How meat and milk companies are racing to ease your climate guilt

by washingtonpost

4 comments
  1. At Hopdoddy Burger Bar near the University of Florida campus in Gainesville recently, Van Morrison crooned “na na, Natalia” and the Sauce Bar was fully stocked. The menu advertised the usual gluten-free and vegan options, as well as something more unusual: beef purporting to “save the planet, one bite at a time.”

    The Austin-based chain buys the meat from ranchers who use eco-friendly agricultural techniques. The burgers — about $4 more expensive than the traditional ones — are designed to appeal to a fast growing, desirable demographic of climate-conscious omnivores. But the extent to which such premium-priced beef patties are helping cool the earth is hotly disputed.

    “We want to change the narrative that eating meat is bad for the planet, or that eating plant-based is better,” said Chad Edwards, the on-duty manager, explaining the company’s “just eat a Hopdoddy burger” solution to climate change.

    The stakes, or perhaps steaks, of this effort to rewrite the [science-backed narrative](https://www.washingtonpost.com/climate-environment/interactive/2023/food-impact-climate-water-wildlife/?itid=lk_inline_manual_4) that cows are a climate menace are bigger than this 46-restaurant chain.

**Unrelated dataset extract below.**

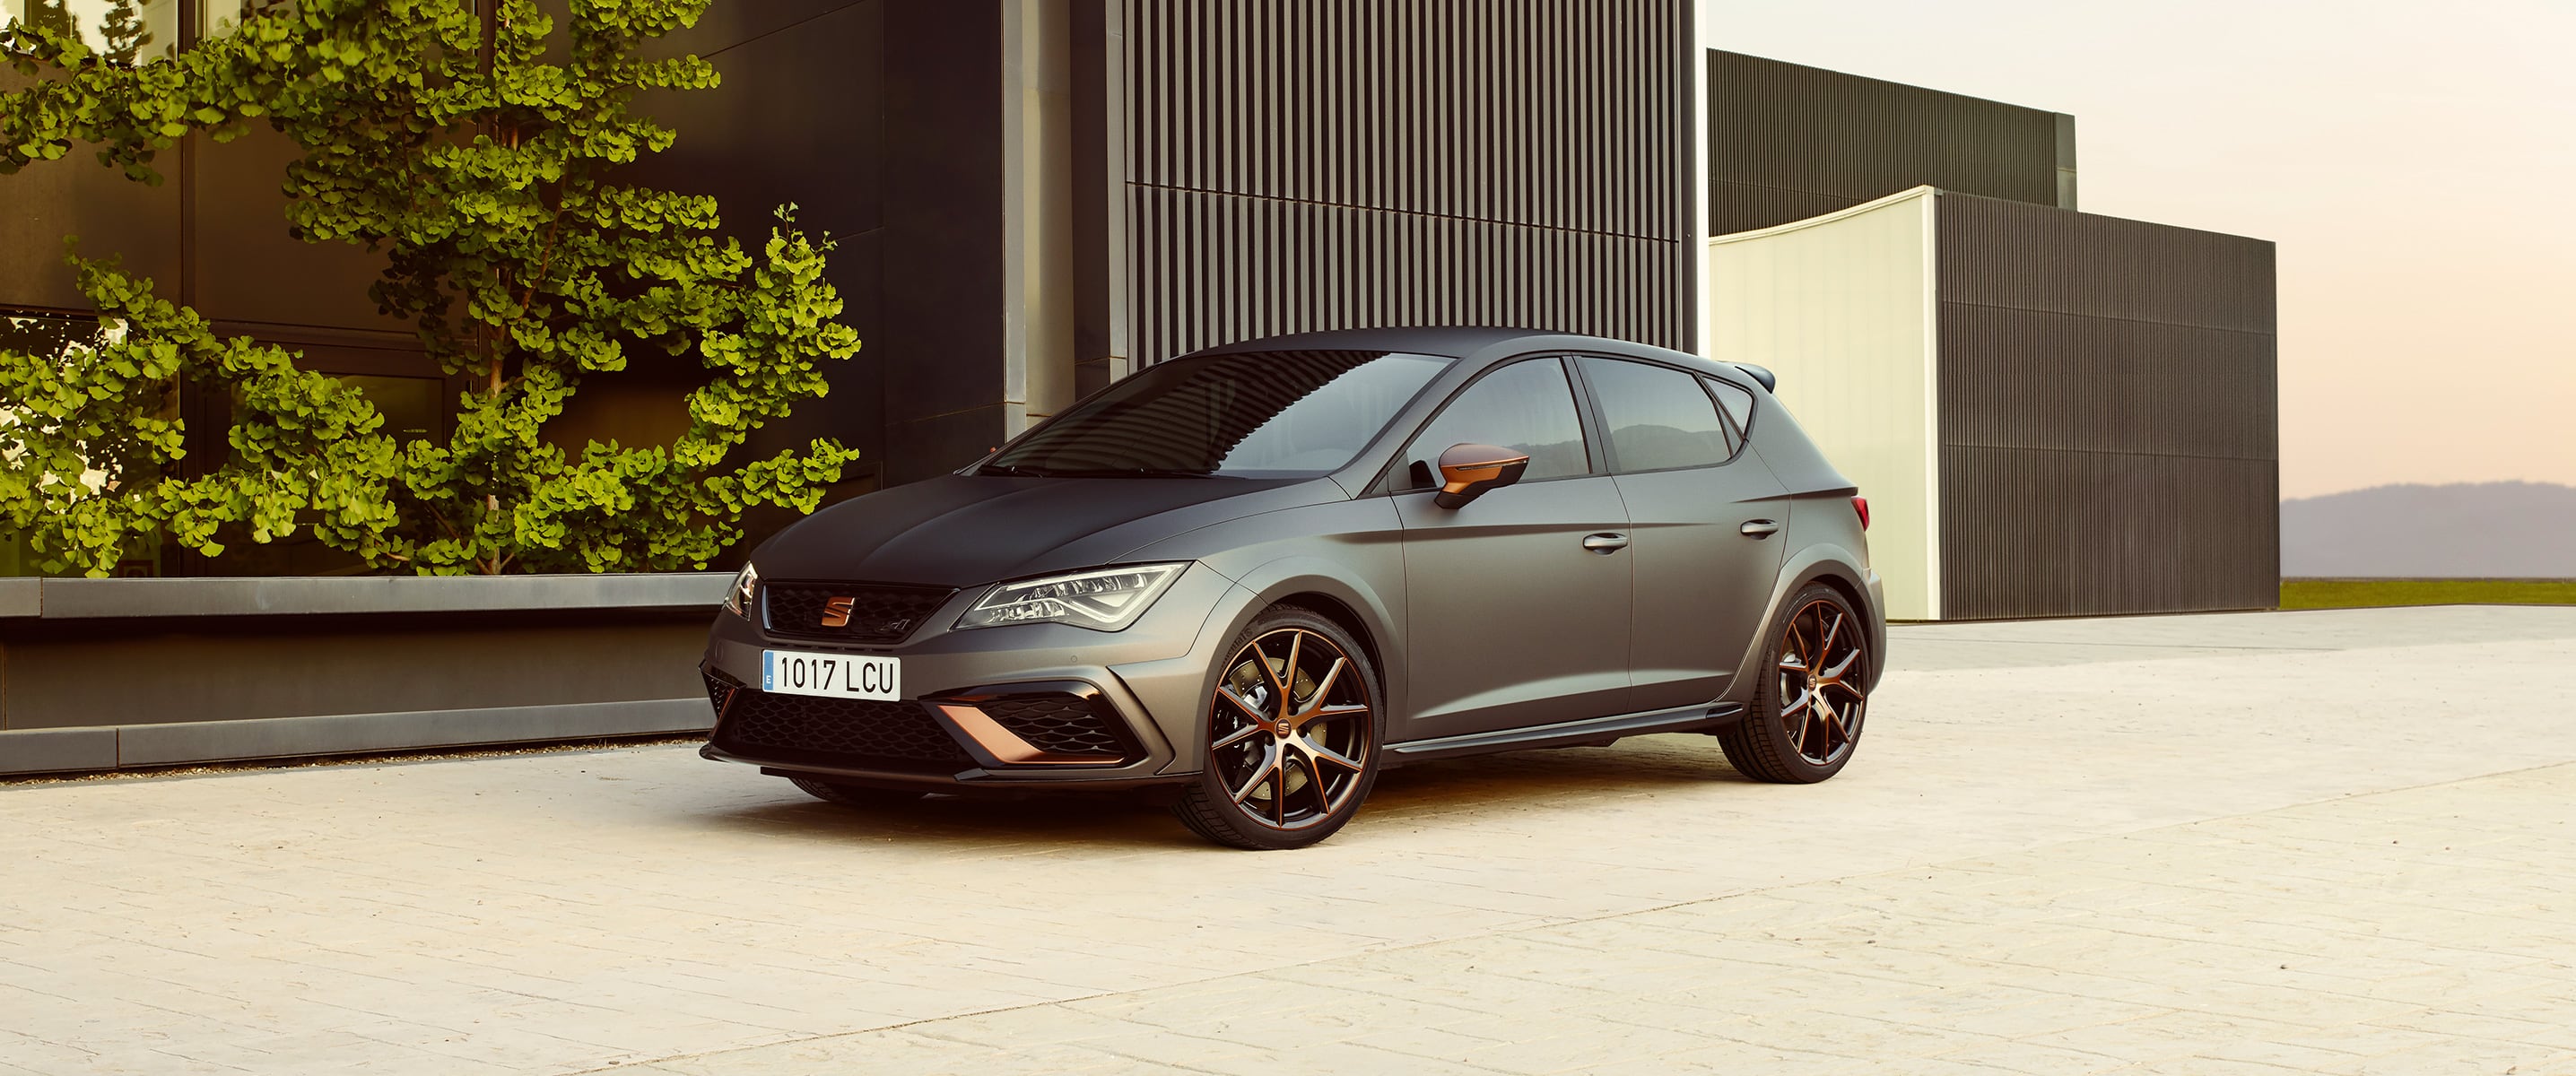 Leon CUPRA R ST car front and side view
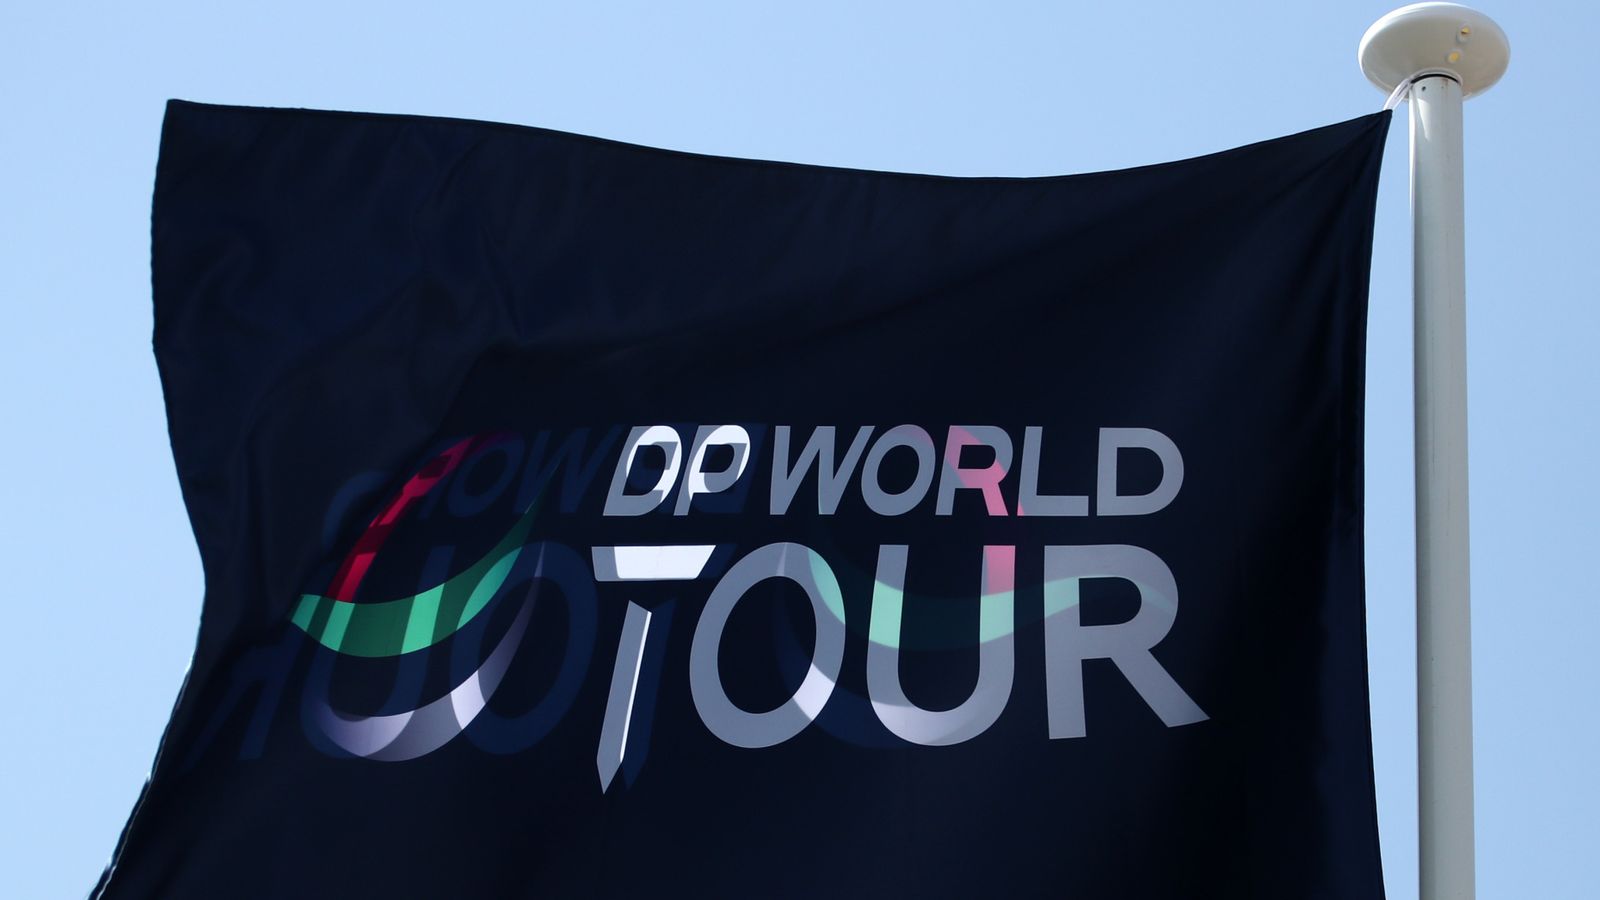 DP World Tour players given pay guarantee in response to LIV Golf

The company is at the vanguard of a contentious push by meat and dairy industries trying to rebrand as climate solutions. The companies claim they can neutralize the climate impact of cows by changing their diets, overhauling how their manure is handled, and transitioning to farming and grazing practices that equip soil to capture carbon.

    While innovations on the farm do lessen the emissions generated in the process of making some burgers and milk, audacious claims by some companies about carbon neutrality and climate friendliness often rely on disputed carbon accounting tactics and data that can’t be verified.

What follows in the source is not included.